AI plays (and will only continue to play) a major role in reimagining resumes, HR, admissions, documentation and data collection. Even before AI, our best approaches to resumes were well short of ideal: the average resume gets 10 seconds of attention, and, according to ResumeLab, 70% of people lie when populating their resumes. Founder of Gobekli, Danny Done, said it succinctly, “We’re using a 15th century document to run a 21st century system.” Validating and verifying these credentials, experiences, and documents builds trust, builds confidence and has the potential to strengthen ties within networks, demonstrating the impact of reimagining resumes.
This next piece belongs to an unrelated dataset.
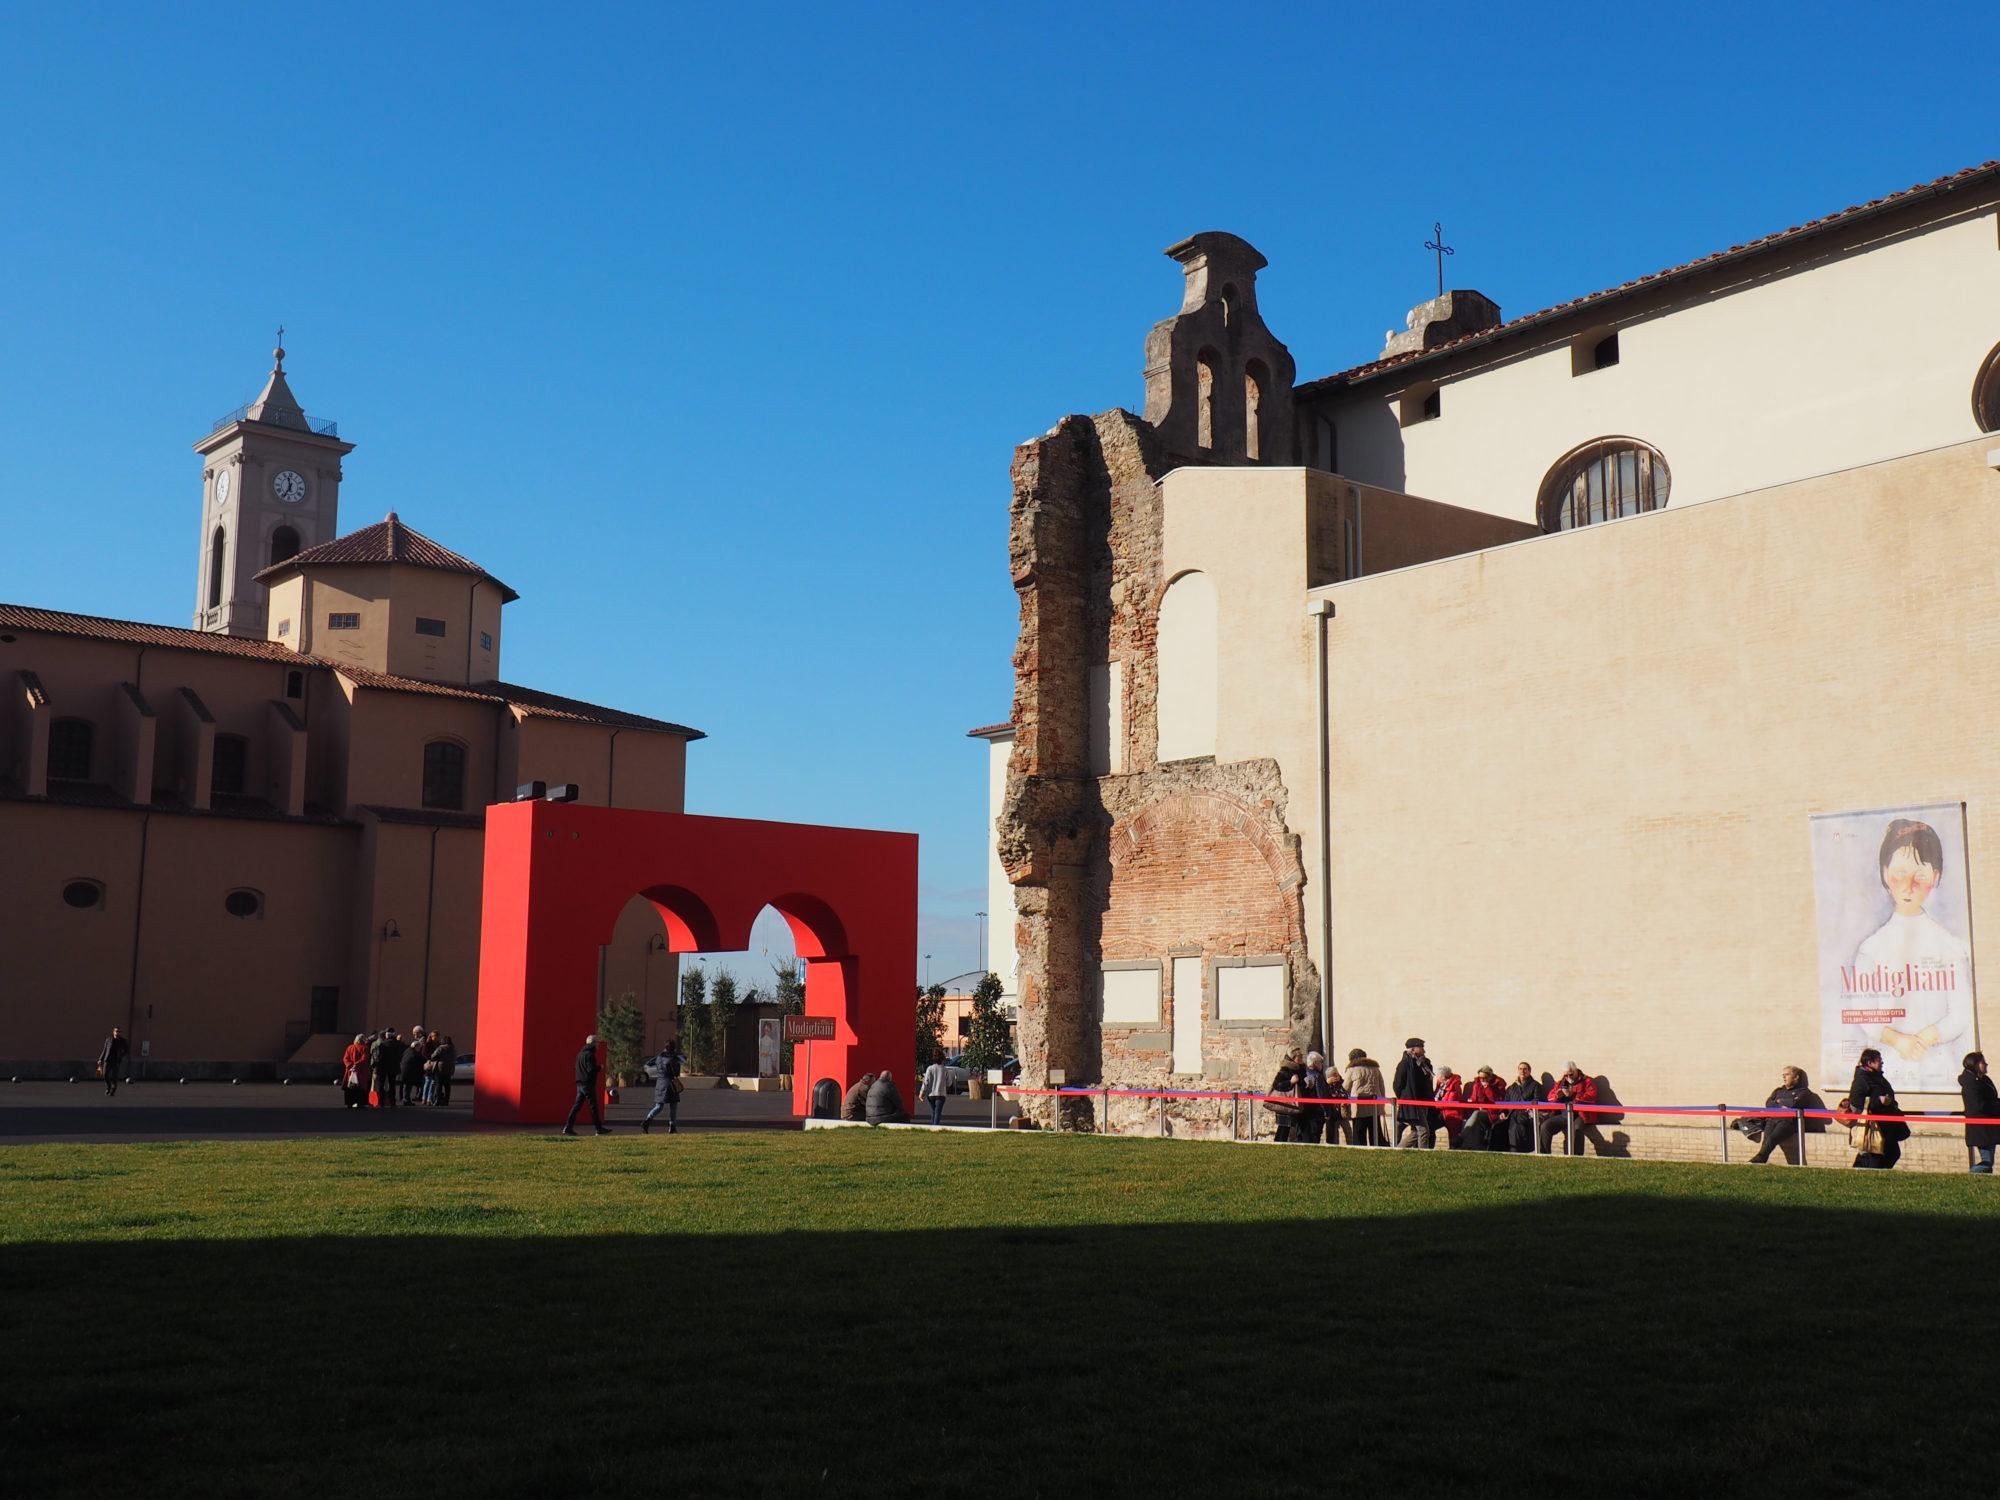 Modigliani 100 anni
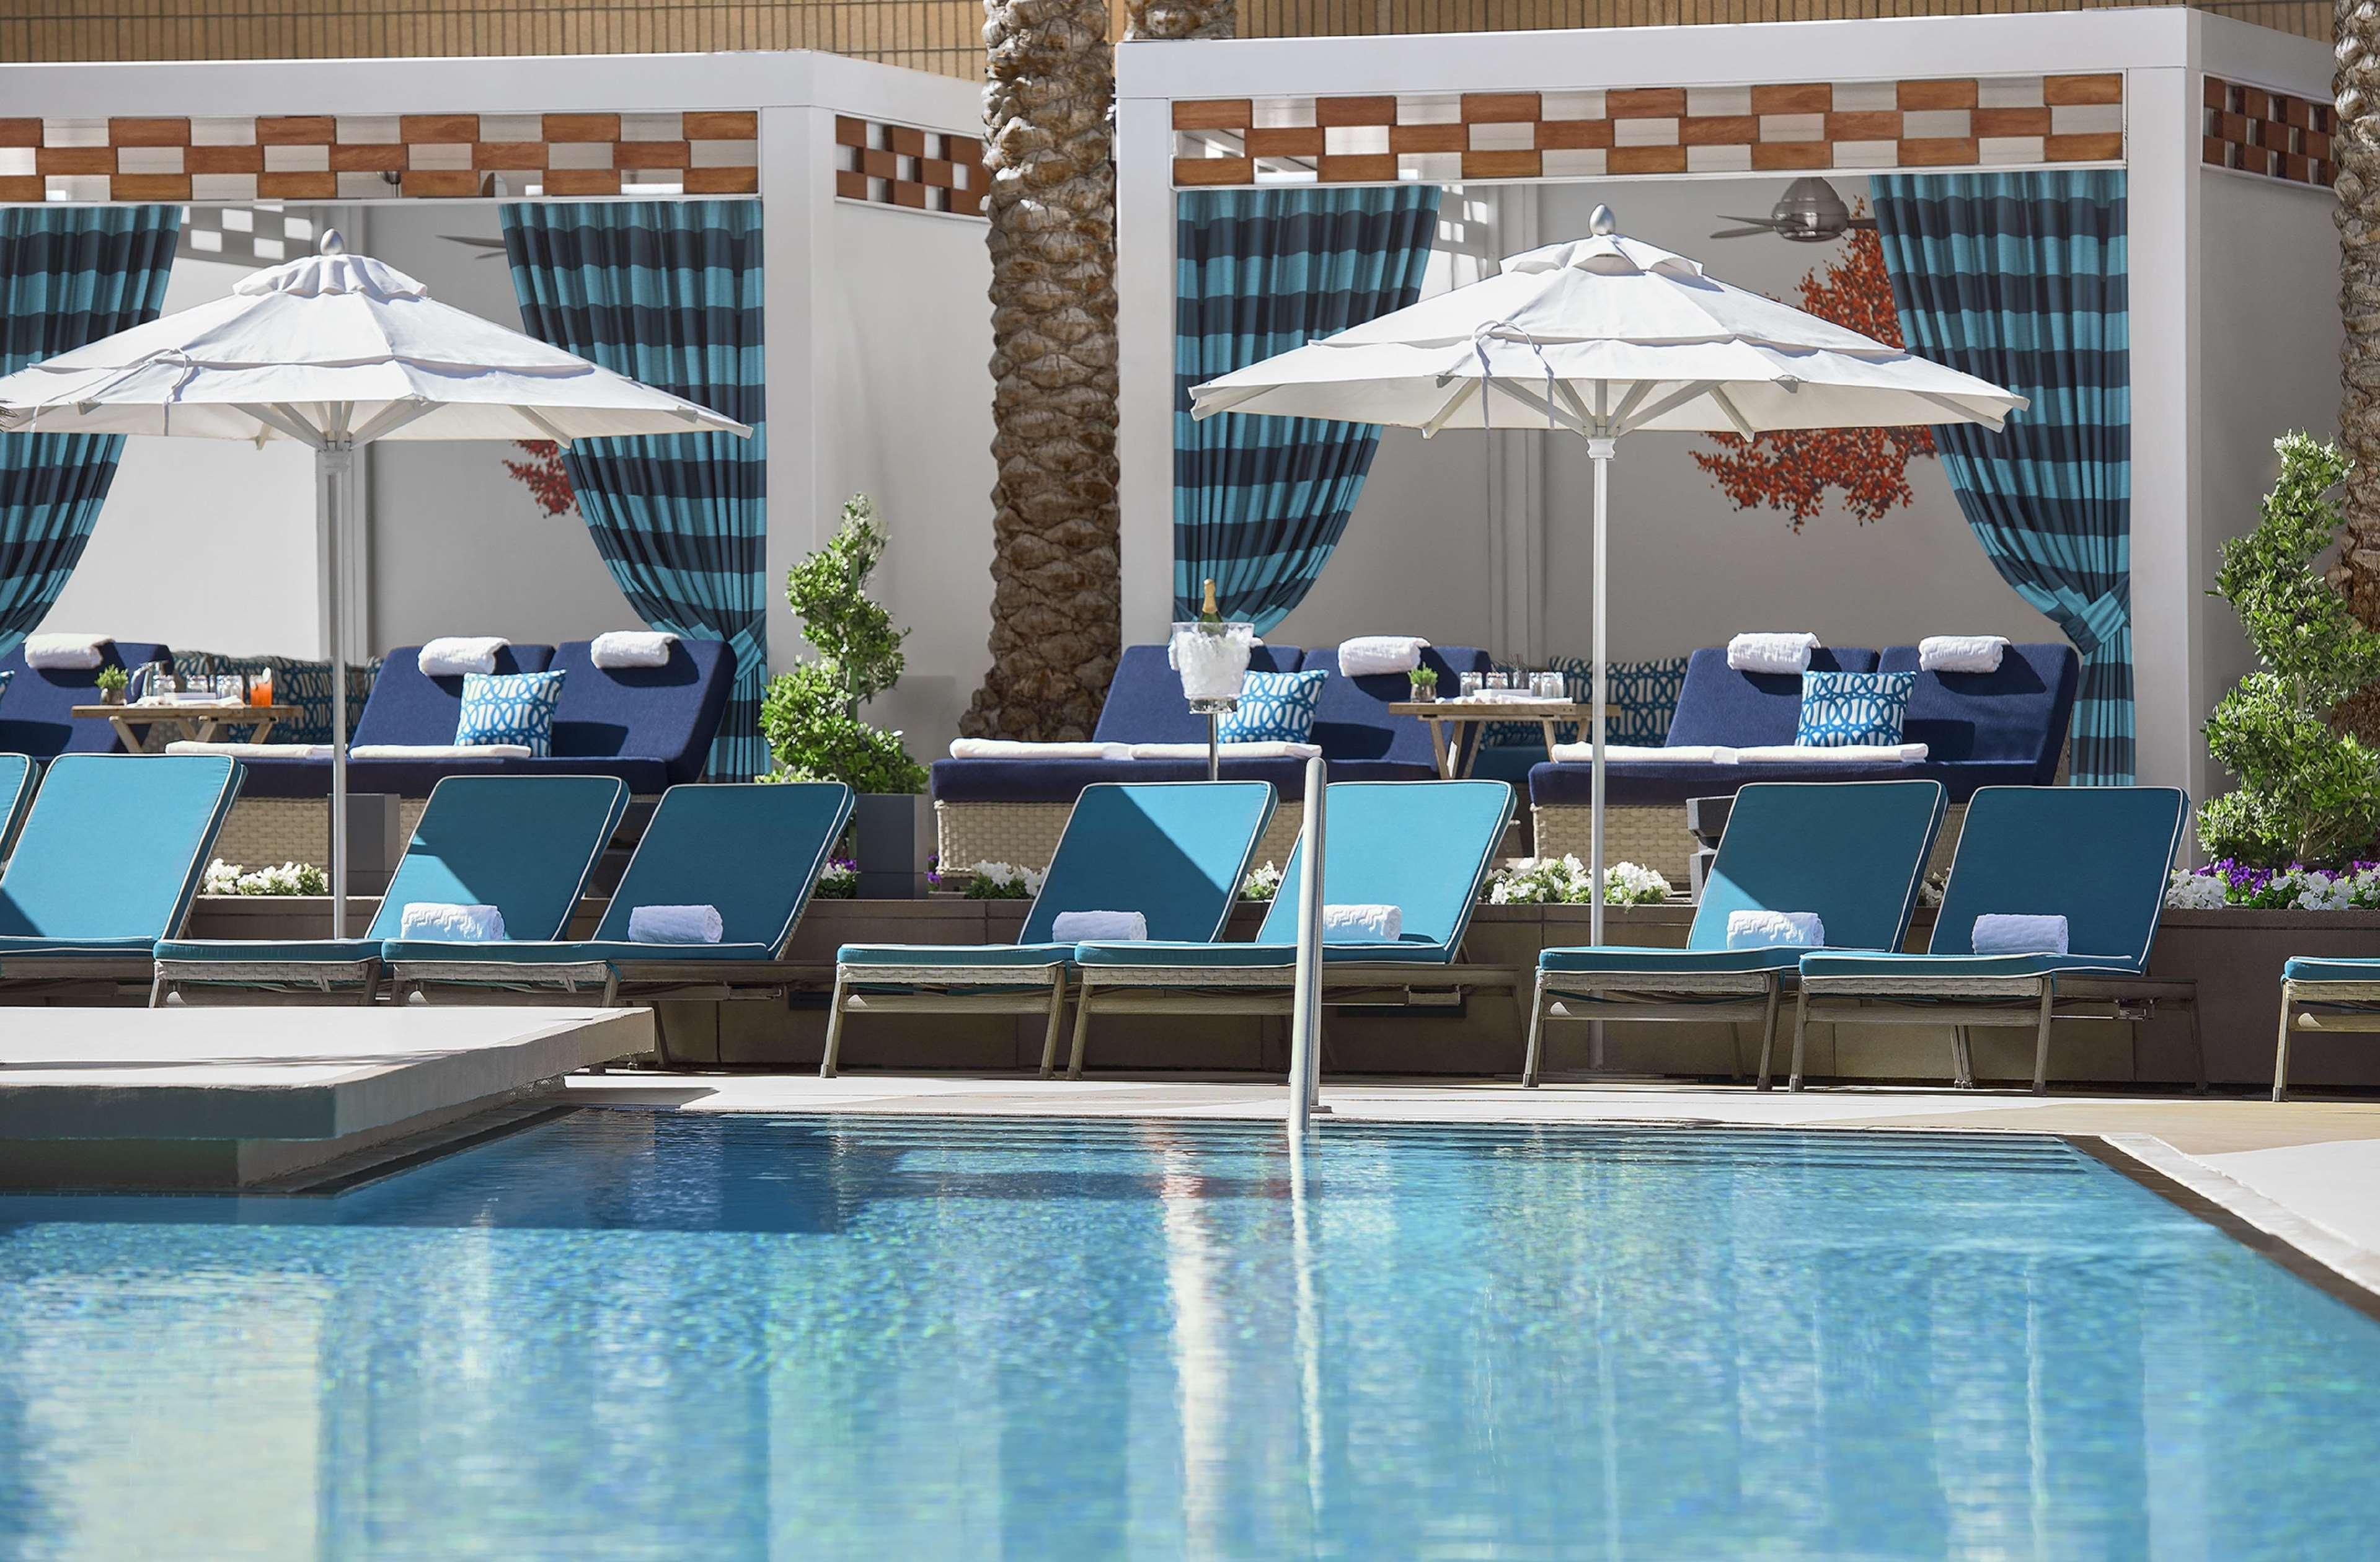 Waldorf Astoria Las Vegas image 9

At the same time, LERs have been described as “a religion looking for a messiah,” —not a ringing endorsement, showing that there is still a way to go in effectively reimagining resumes. Essentially, funders around the world are leaning back slowly in their chairs and saying “prove it”. Proving the technology works is one thing, but showing what an LER-enabled world looks like is another. Without good evidence of growth, learning, and demonstrated competency, LER ecosystems have little heft to them. We believe that future learner wallets will be populated in the following ways, reimagining resumes:
- Self-attested stories – Something narrated and claimed by the wallet holder.
- Surveyed stories – Collected evidence from assessments and other data sources.
- Credentialed stories – This thing has a badge that’s authorized by a third party.
- Calculated stories – AI-inferred skills based on provided evidence or anecdotes.